### PROBLEM STATEMENT
This task calls for the lines below starting at the one containing "Your new project is ready" and ending at the one containing "Ben 10 Omniverse", repeated exactly with both ends kept and pictures left out.

### DATASET RECORDS
******

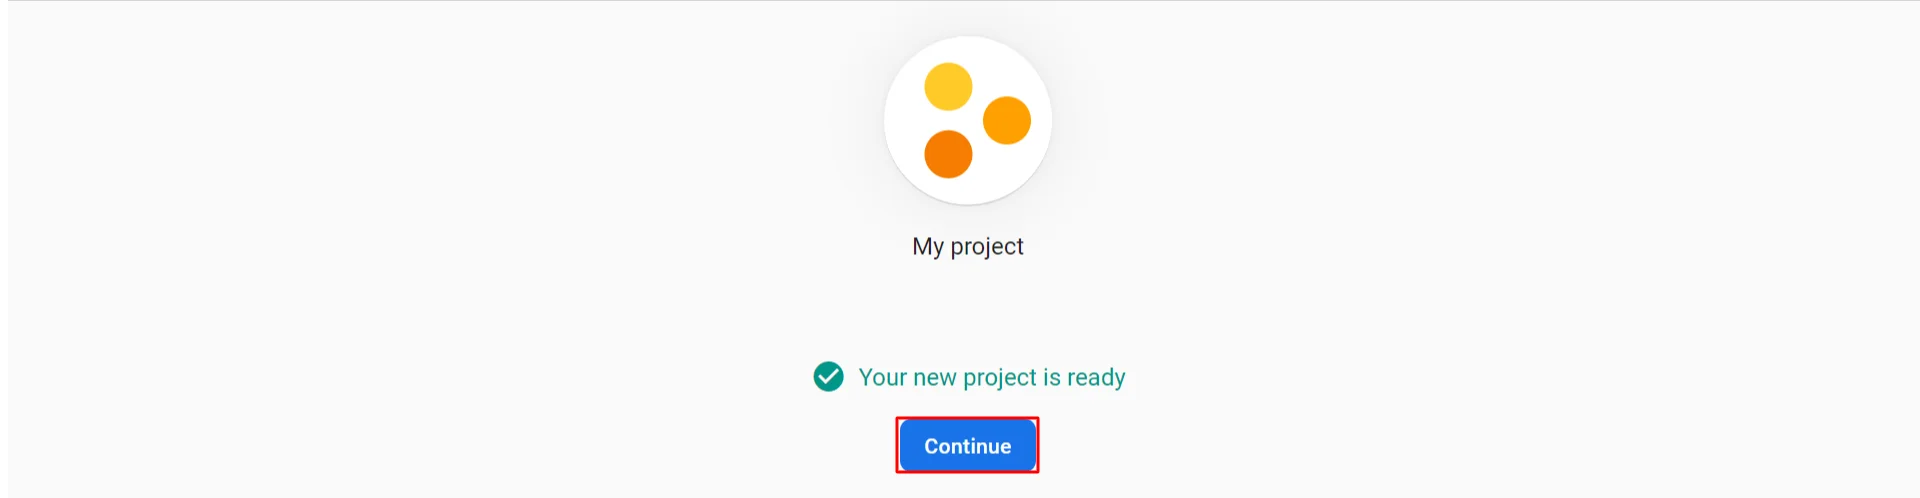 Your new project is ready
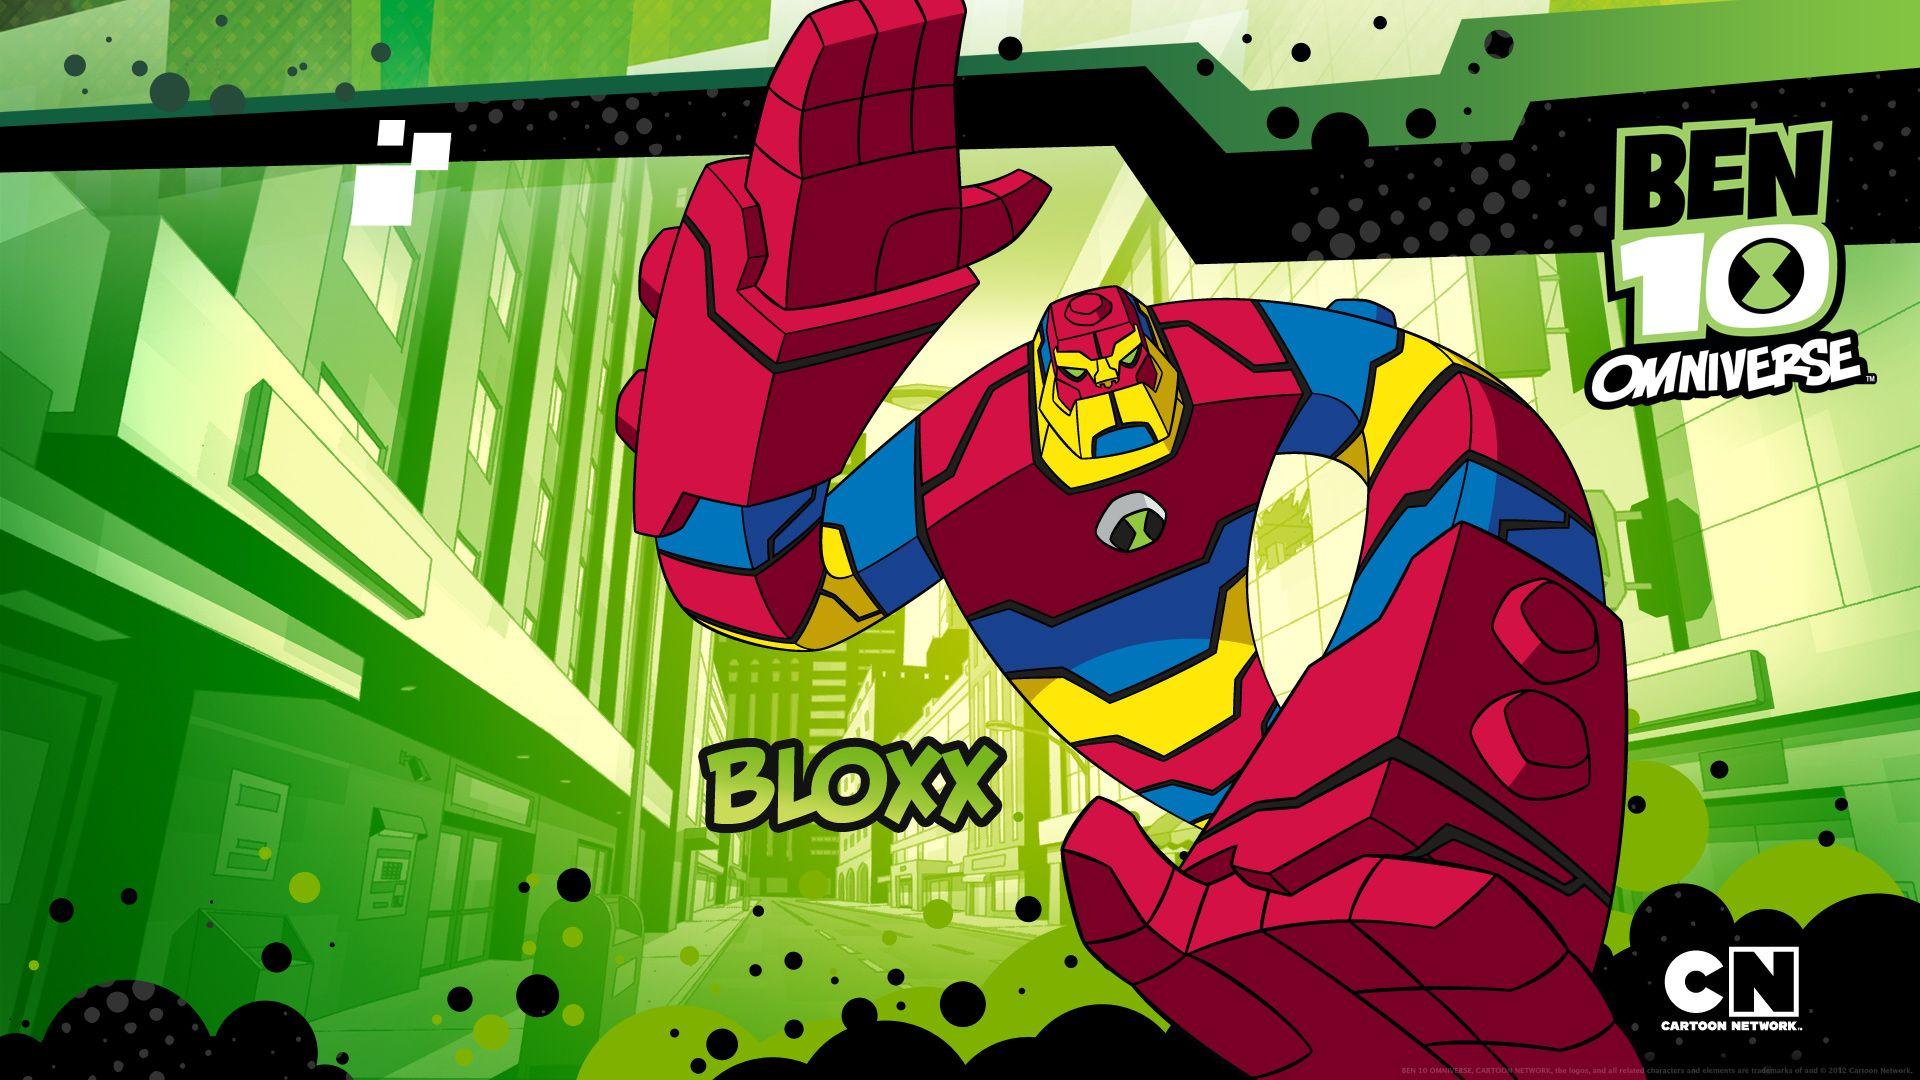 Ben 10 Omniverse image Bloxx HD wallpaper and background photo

******

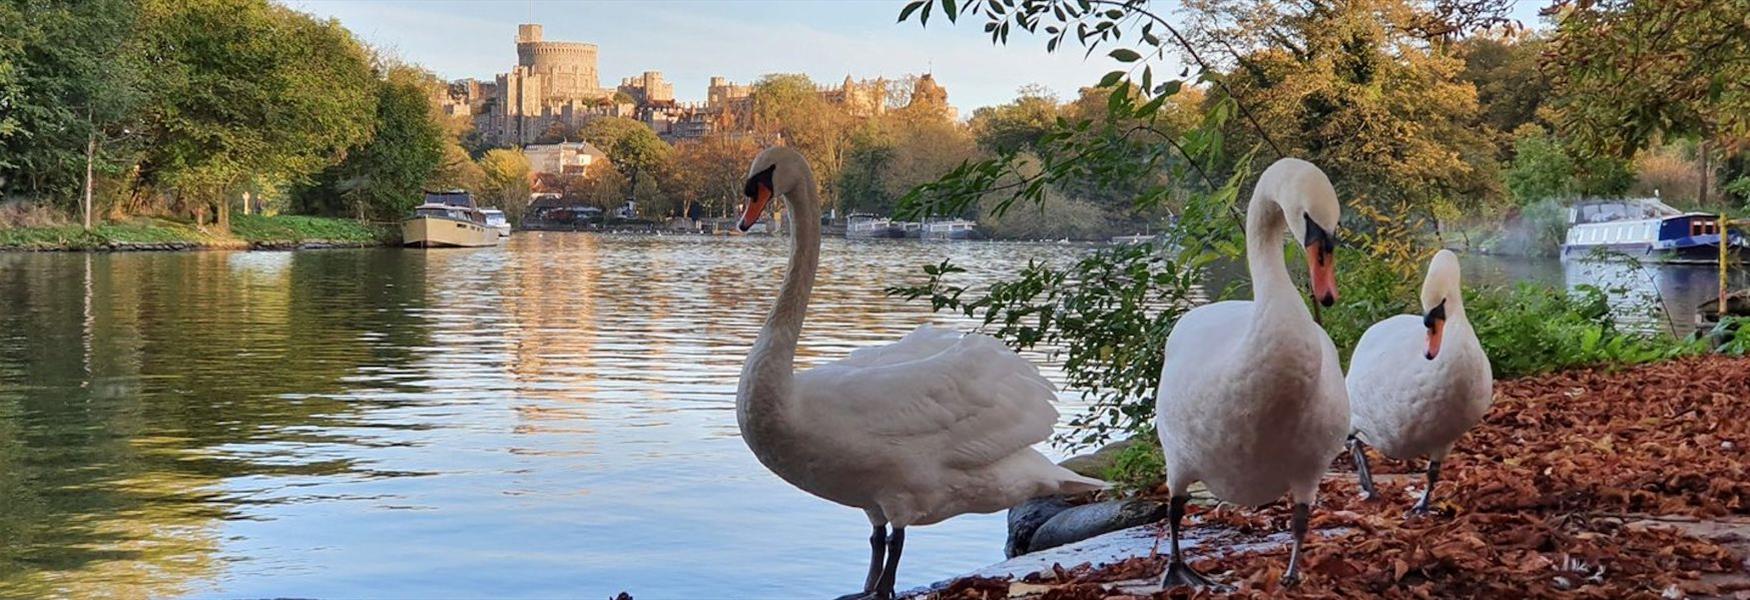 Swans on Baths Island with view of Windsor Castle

******

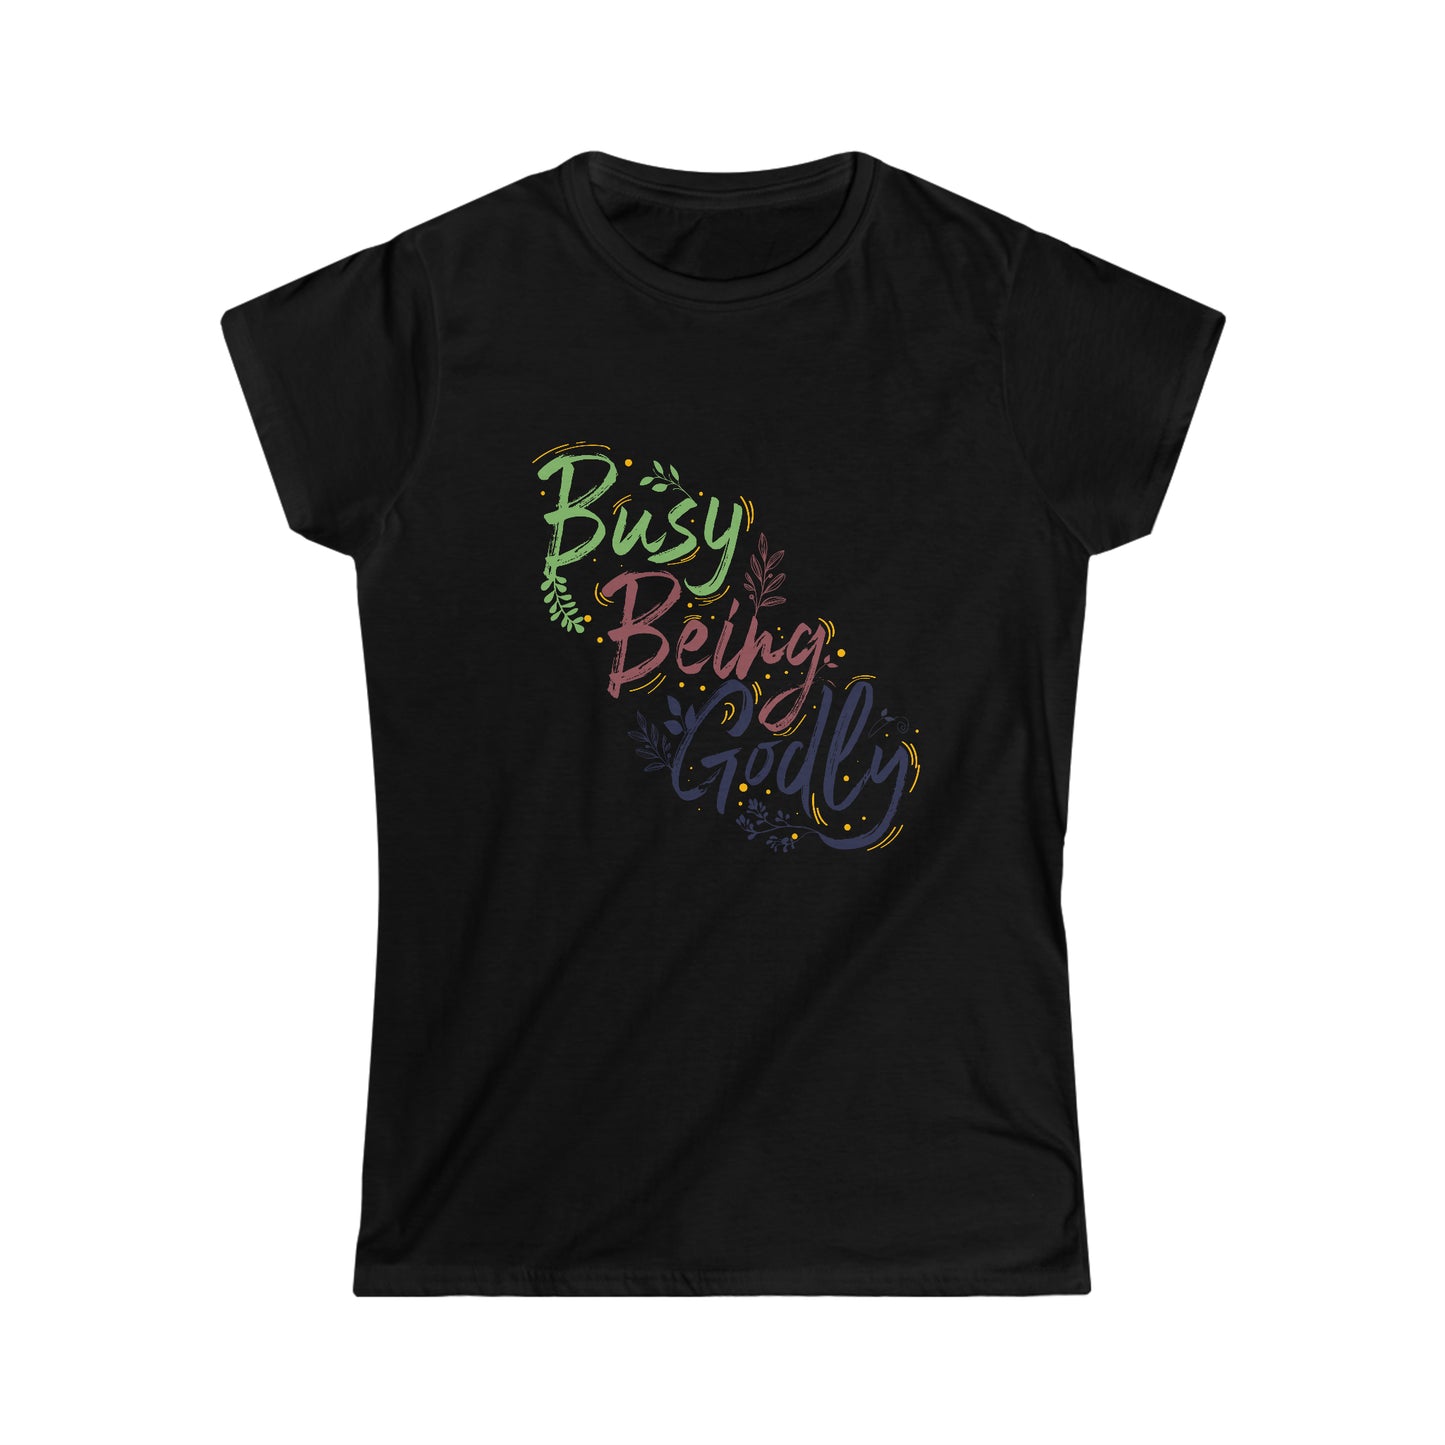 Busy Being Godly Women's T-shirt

******

### RESULT
 Your new project is ready
 Ben 10 Omniverse image Bloxx HD wallpaper and background photo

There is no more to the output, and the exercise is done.